While I see why some could argue that if the AI doesn’t follow real-world rules, it isn’t functioning well, I believe it is a worse AI when it promotes an AA-level pitcher to the majors just because he is the only one with the “CP” tag. When you think about it, what would happen to a major league club if their closer was hurt? Are you going to rush a guy from AA? What if they were more likely to look for solid options (rather than rushing kids) until/unless they traded for a closer (or a reliever with closer stuff, which in this game would be marked as a “RP” with very solid ratings and pitch arsenal and would not be considered “a closer” or “closer material” because the CP tag is reserved for “actual closers”) or their guy came back?

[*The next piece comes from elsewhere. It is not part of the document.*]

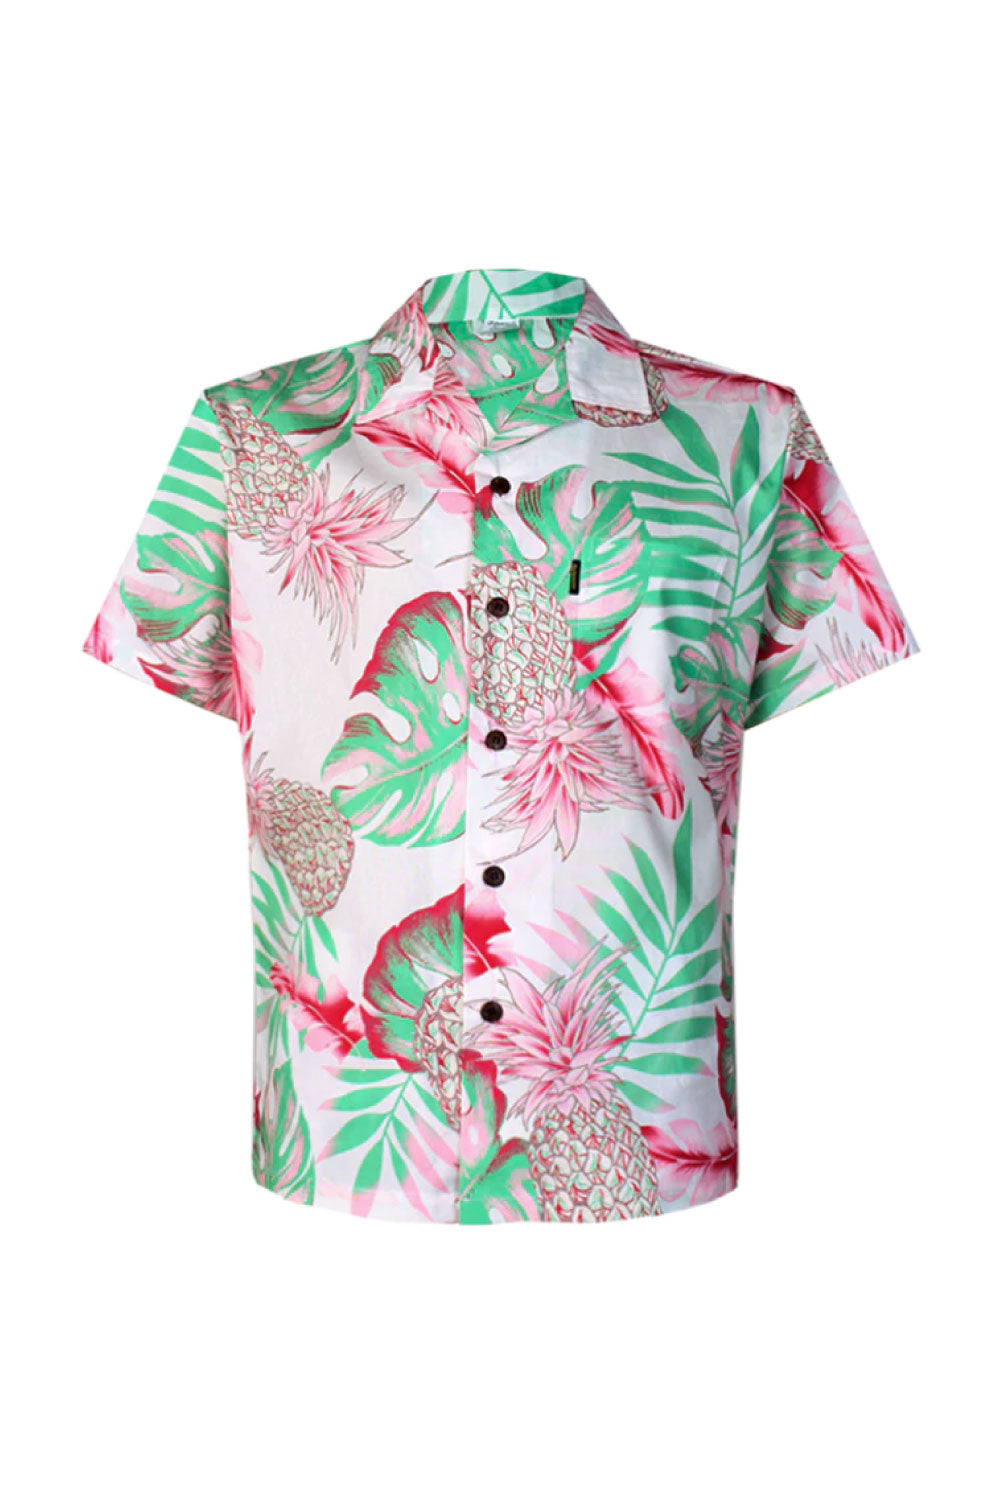 Image of the front of Palmwave's Pastel Pink Leaf Aloha Men's Shirt.

  1. At the very least, it can be taken into consideration with the pitcher’s stuff.
  2. Afterwards, if the AI decides to groom a man, it may employ the Simulated Game (I believe that’s the term) training, which increases PCLT.
  3. In any case, I don’t see it being “like MLB” any more than I see Chapman not being the Reds closer just because you take away his “CP tag” (assuming that would happen, which would be really.bad on the AI).
  4. Granted, I’m opposed to “predefined tags” of any type in sports games since I believe that’s not how genuine players are put or used in real life.
  5. It doesn’t get much worse than this “.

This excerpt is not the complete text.